2.4 Feature Extraction
As mentioned earlier, stable features are defined and variable
features are extracted in this stage. In this paper, considering
building definition, characteristics such as regular geometric
shape, strong edge, and neighborhood with shadow are
considered as stable features that are almost implemented in all
cases by some little changes.
In this image considering this fact that all buildings in the image
are rectangular, the similarity of objects to rectangle is
considered as one of the stable features. In order to extract
strong edges, canny edge detection algorithm with appropriate
threshold has been utilized that results in keeping the objects
that belong to building class. In the next stage, shadow is
extracted by the rules that presented by Nussbaum (figure 5).
Direct neighborhood with shadow is considered as one of the
stable features in this algorithm. This feature derives from
inherent characteristic of building as a high phenomenon.
Features presented by Nussbaum to detect shadow are as
follows:
Features Threshold
Ratio B4 20.199
Relative Border to brighter neighbors =1
Table 1. Classification rules of shadow class presented by
Nussbaum
F igure . Detected shadows
Further, variable features that lead to optimal building detection
are extracted by SEparability and THresholds tool. The feature
analyzing tool SEaTH identifies characteristic features with a
statistical approach based on training objects. These training
objects represent a small subset out of the total amount of image
objects and should be representative objects for each object
class. The statistical measure for determining the representative
features for each object class is the pairwise separability of the
object classes among each other. Subsequently, SEaTH
calculates the thresholds which allow the maximum separability
in the chosen features (Nussbaum et al., 2008). Here, choosing
training samples of building class and other classes in the image
such as vegetation, road, wasteland, etc, features that result in
optimal separation of probability distribution function between
building class and other classes (two by two) are determined as
optimal features with appropriate threshold.

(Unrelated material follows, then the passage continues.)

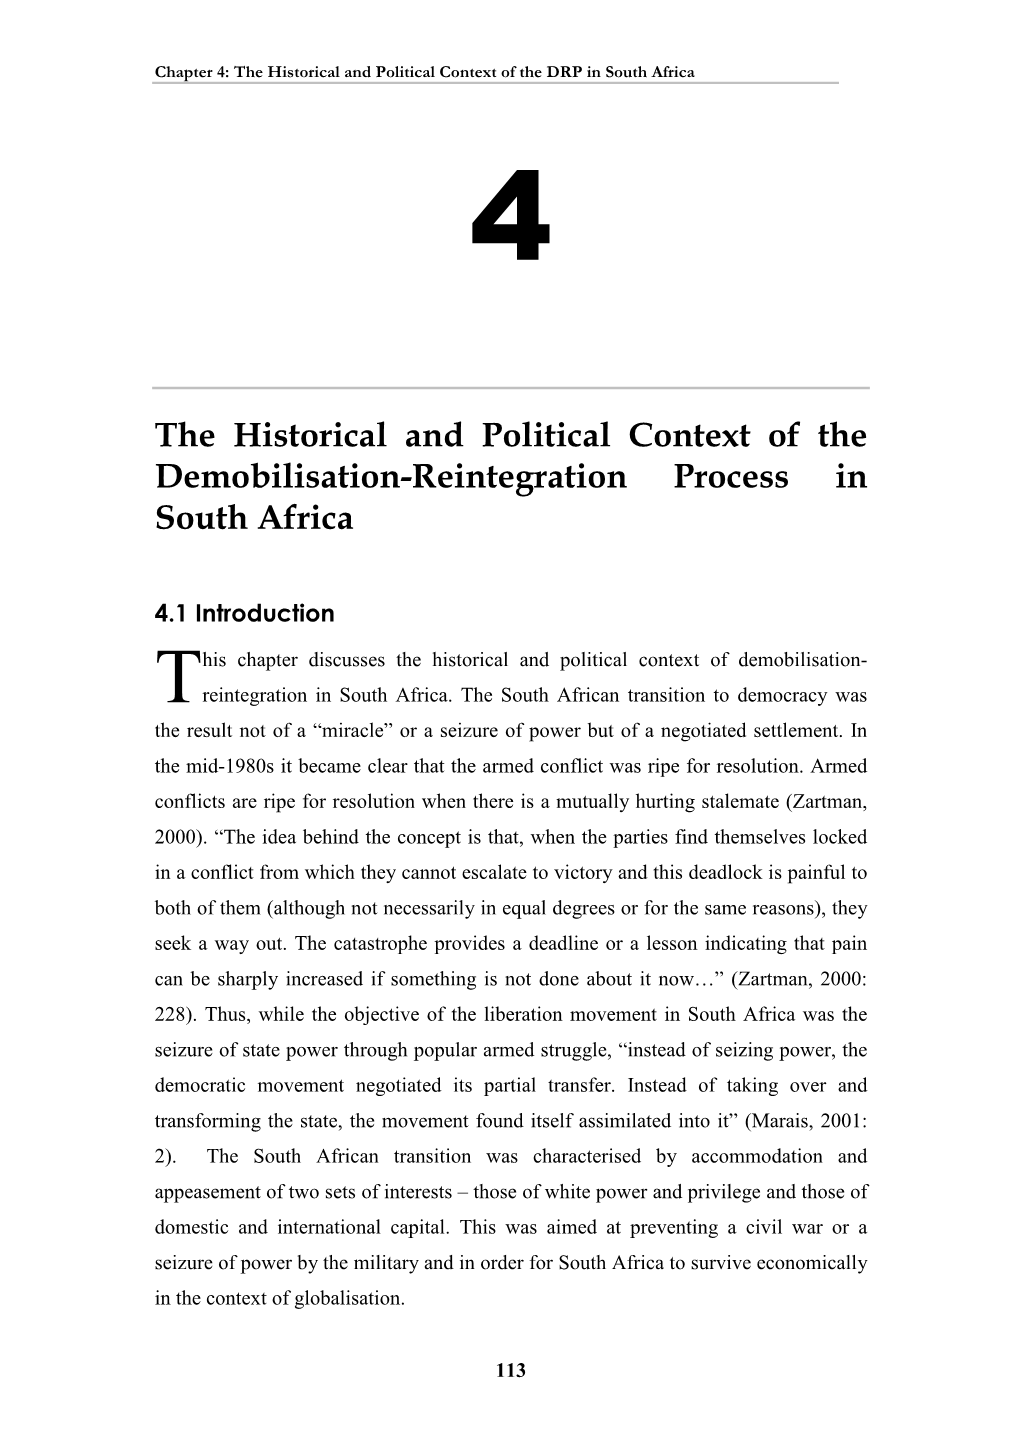 The Historical and Political Context of the Demobilisation-Reintegration Process in South Africa

Extracted variable features from this image have been presented
in the following table:
Features Threshold
Ratio B2 »0.338
Ratio B4 «9.229
Mean NDVI «0.019
Length «80
Rectangular Fit »0.8
GLCM Homogeneity »0.07
Area «1200
Table 2. Extracted variable features in this case study
Objects qualifying all the above conditions are identified as
building based on extracted features (stable and variable).
3. EVALUATION AND DISCUSSION
As mentioned before, algorithm presented in this paper as a
general algorithm can be implemented on high resolution
satellite imagery in different areas. Central core of this
algorithm includes stable and variable features. In this section,
stable features have been derived from inherent characteristic of
building. Variable features are also extracted by an analysis tool
for optimum separation of building class from other classes in
the studied image. Using stable and variable features together in
a central core provide the possibility to generalize this
algorithm. It is worth mentioned that changing the threshold
value of stable features for extraction of strong edges and/or
proximity degree of pre-defined geometric shape and even any
shape other than rectangle prevents the user from making no
changes in these features. Of course, this problem seems to will
limit complete transferability of classification model to other
data sets.
It is to be noted that determining Scale Parameter for
segmentation in a trial and error process according to
importance of the produced objects in all the next stages, giving
a solution to obtain the scale parameter in an automatic process
has a significant effect on algorithm automation process.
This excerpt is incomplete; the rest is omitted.